**Supplied data:**
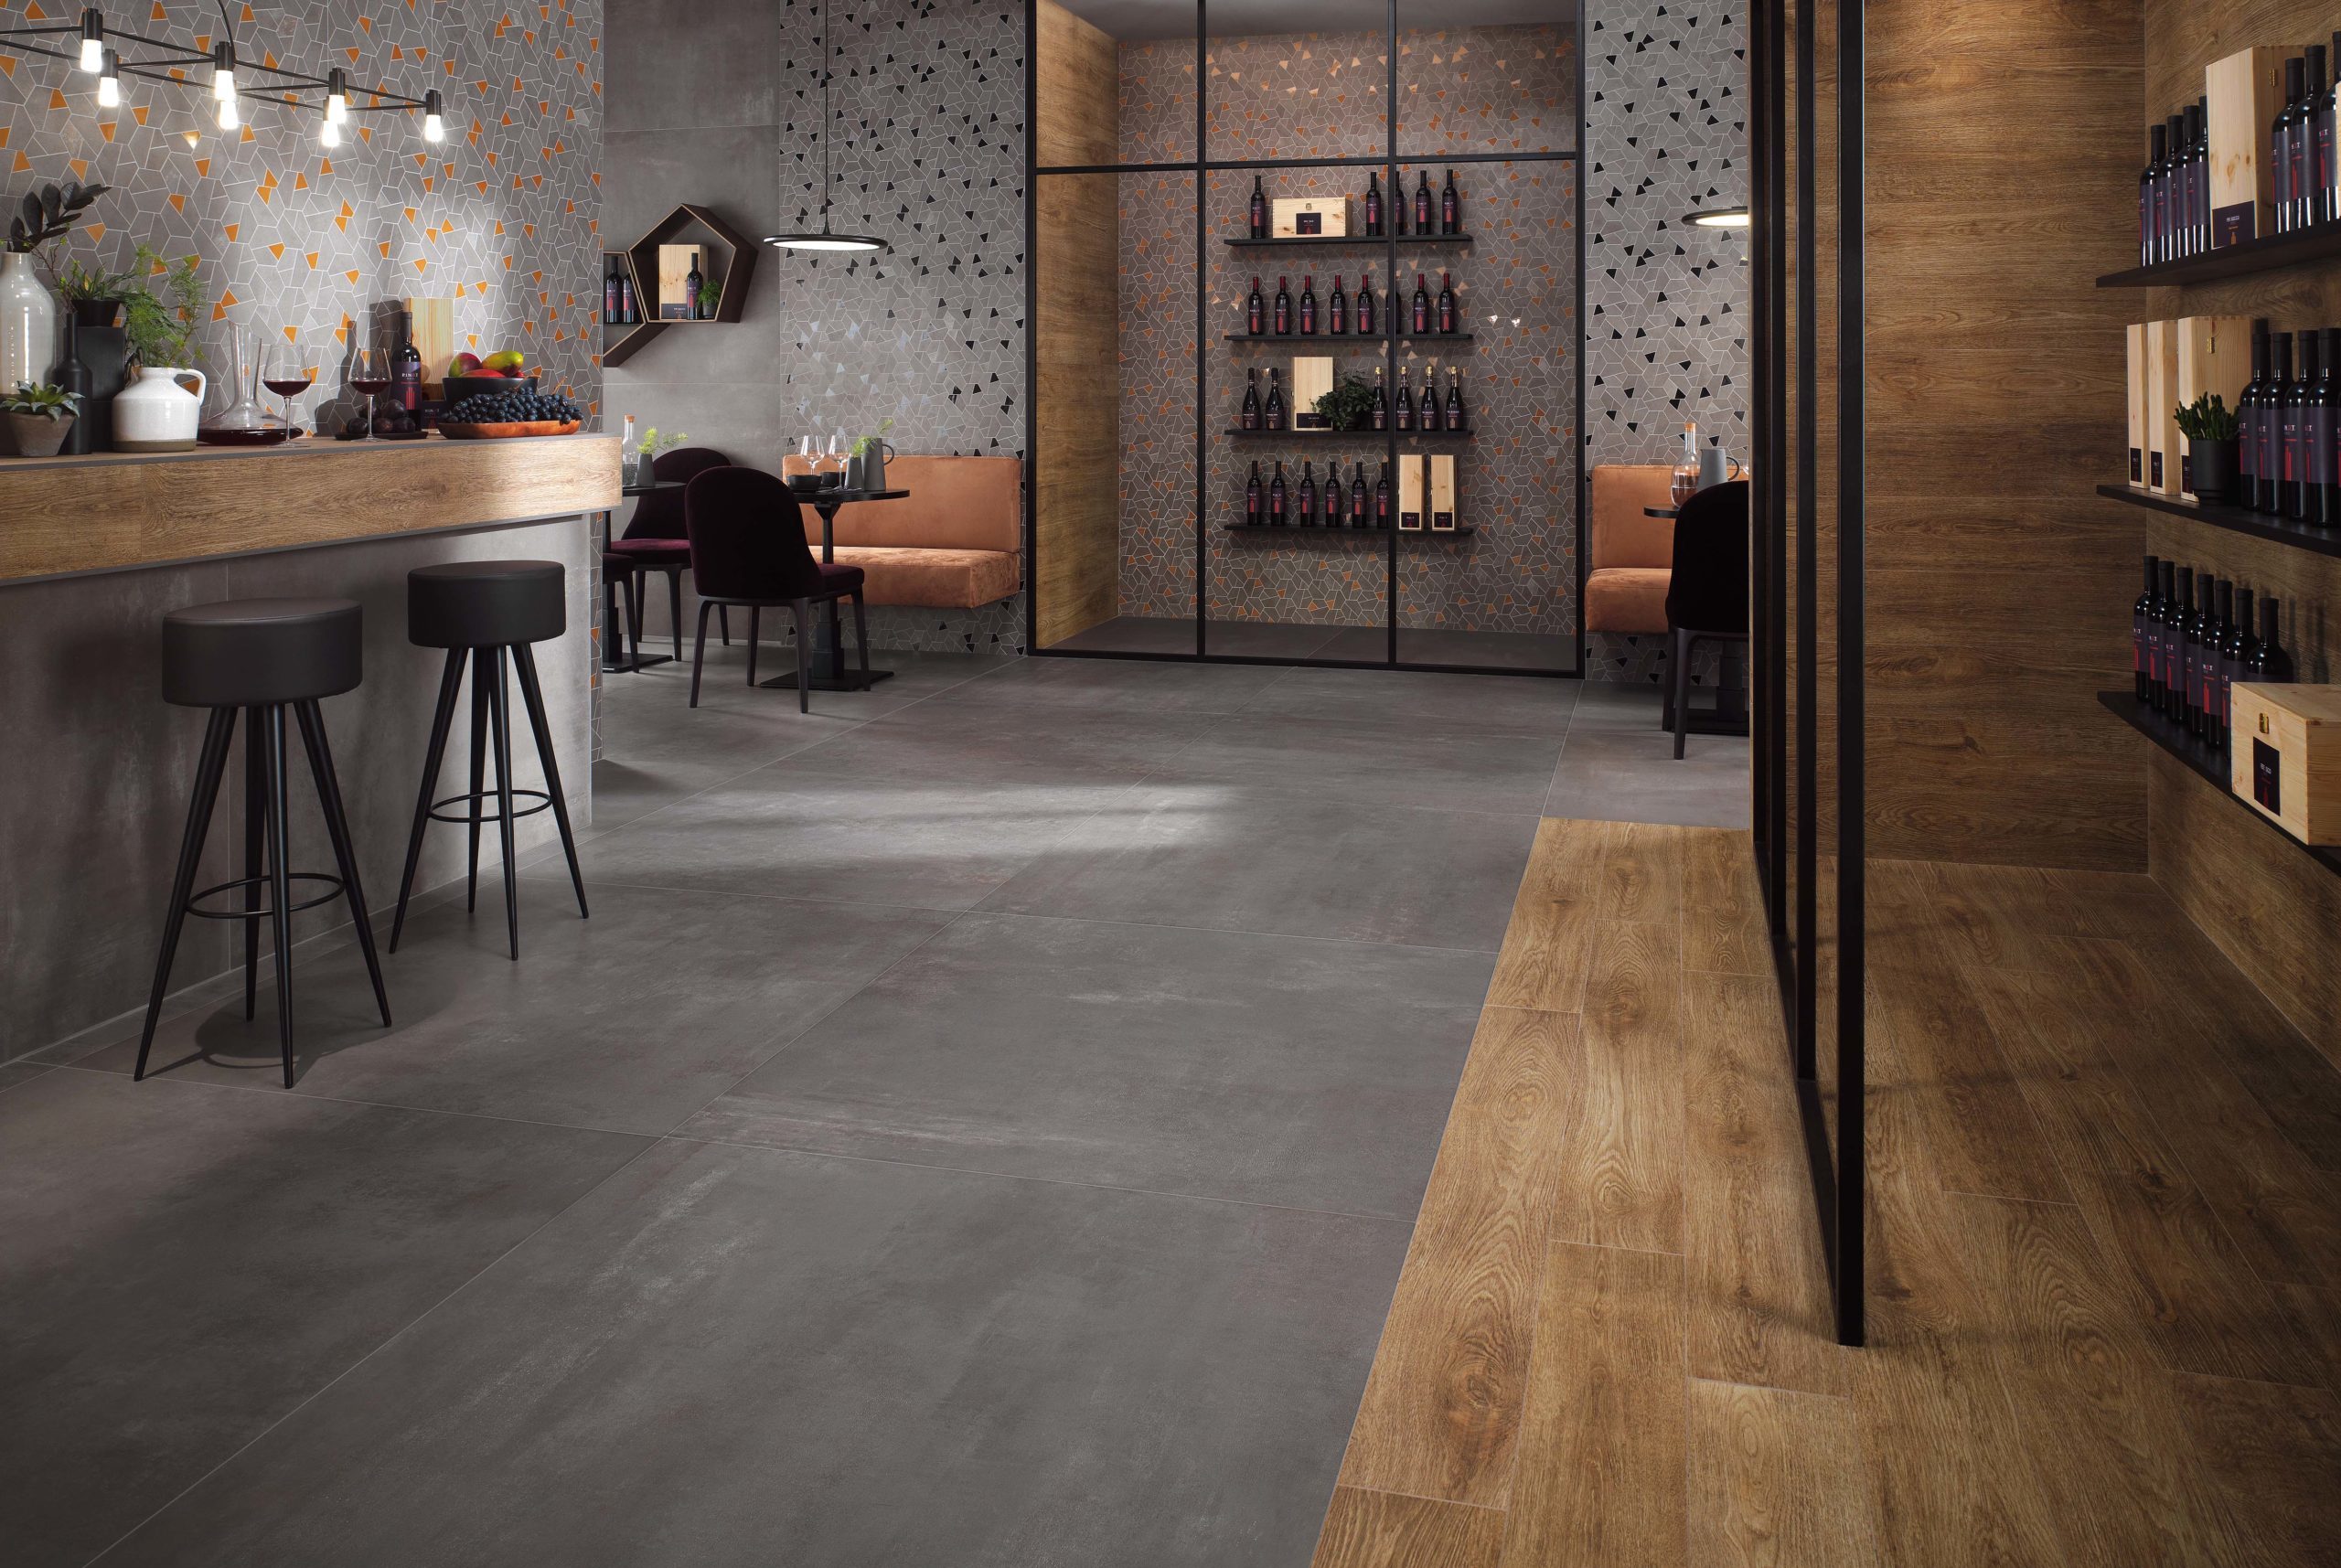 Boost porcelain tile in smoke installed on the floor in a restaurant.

--

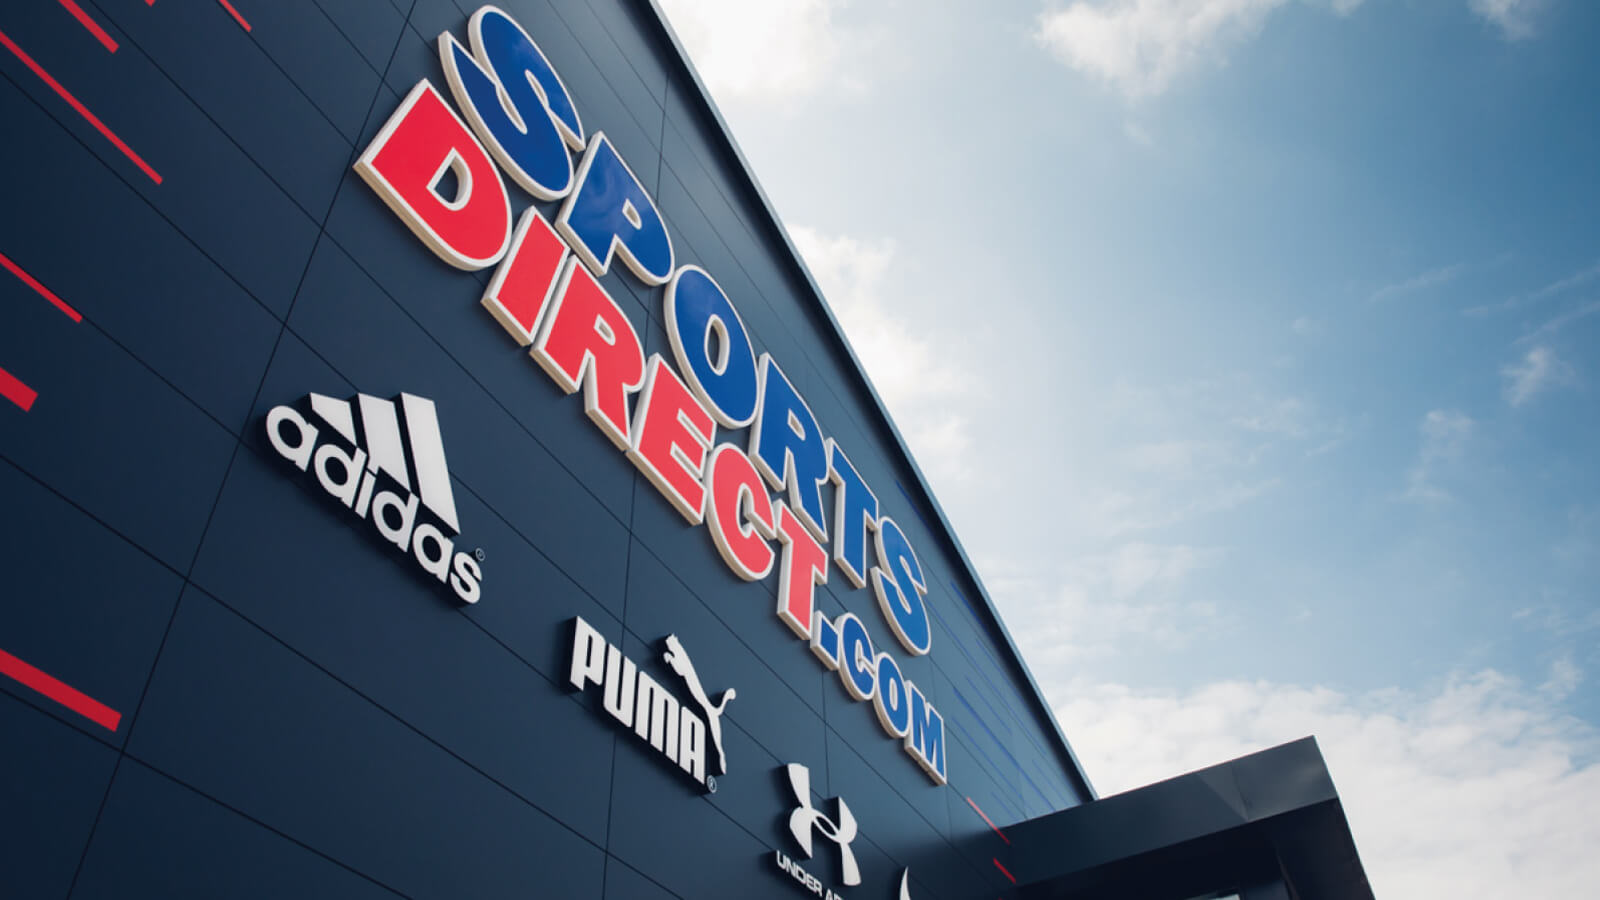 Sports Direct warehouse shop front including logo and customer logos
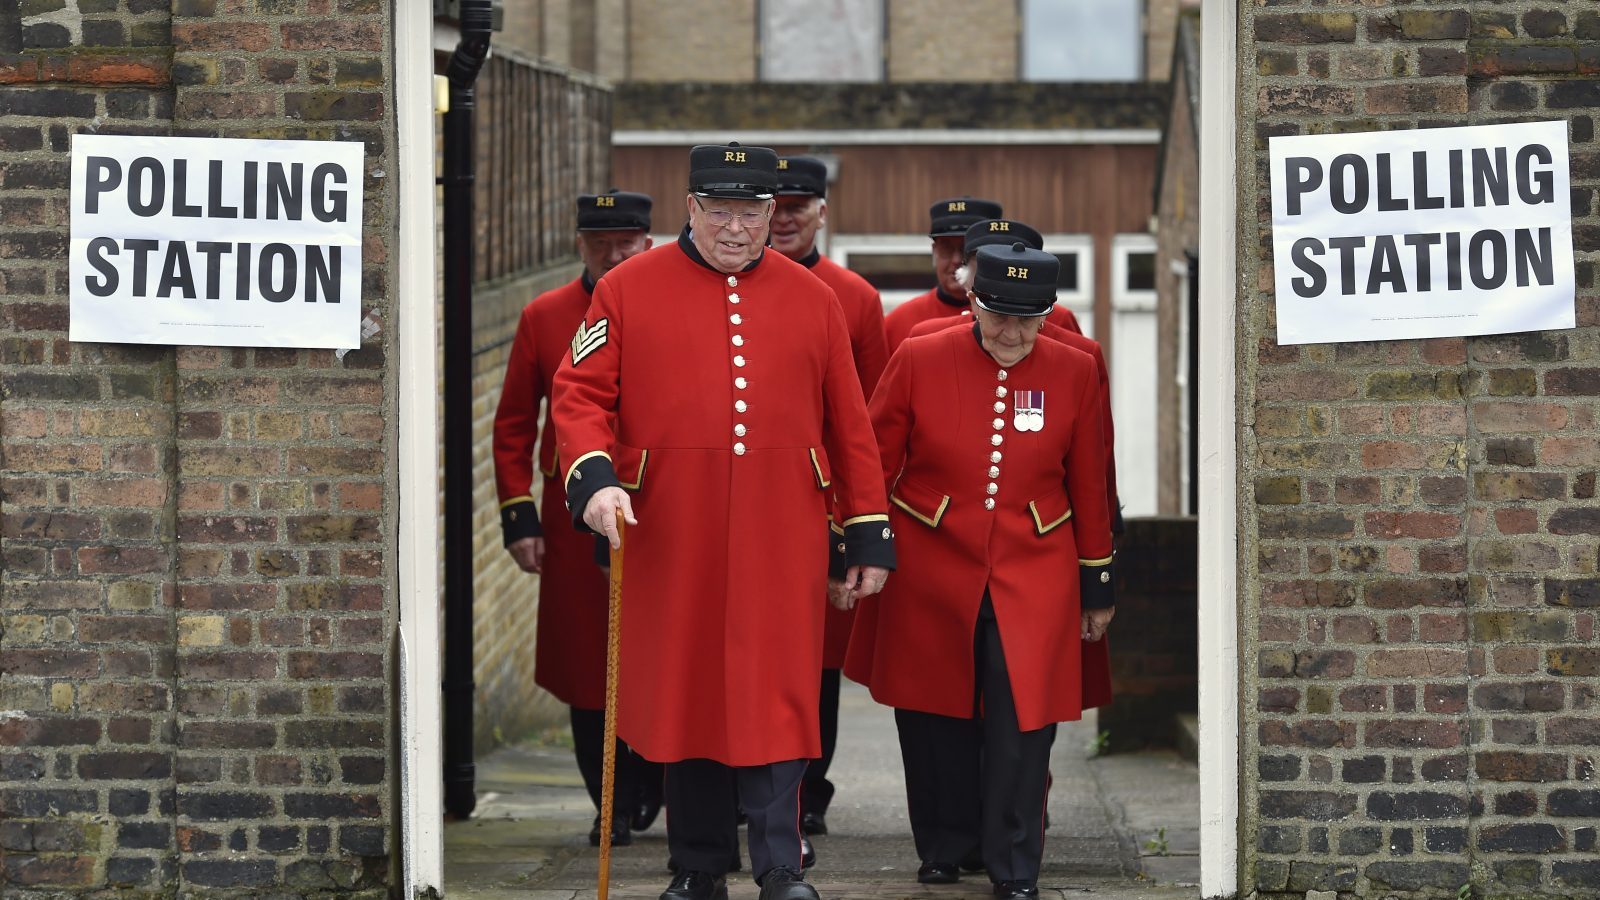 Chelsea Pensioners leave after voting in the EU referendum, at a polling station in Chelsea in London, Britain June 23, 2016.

**Assigned task:** Restate word for word the lines of the data above that begin at the line with "Sports Direct warehouse" and end at the line with "Chelsea Pensioners leave", keeping both ends and dropping every picture.

**Completed task:**
 Sports Direct warehouse shop front including logo and customer logos
 Chelsea Pensioners leave after voting in the EU referendum, at a polling station in Chelsea in London, Britain June 23, 2016.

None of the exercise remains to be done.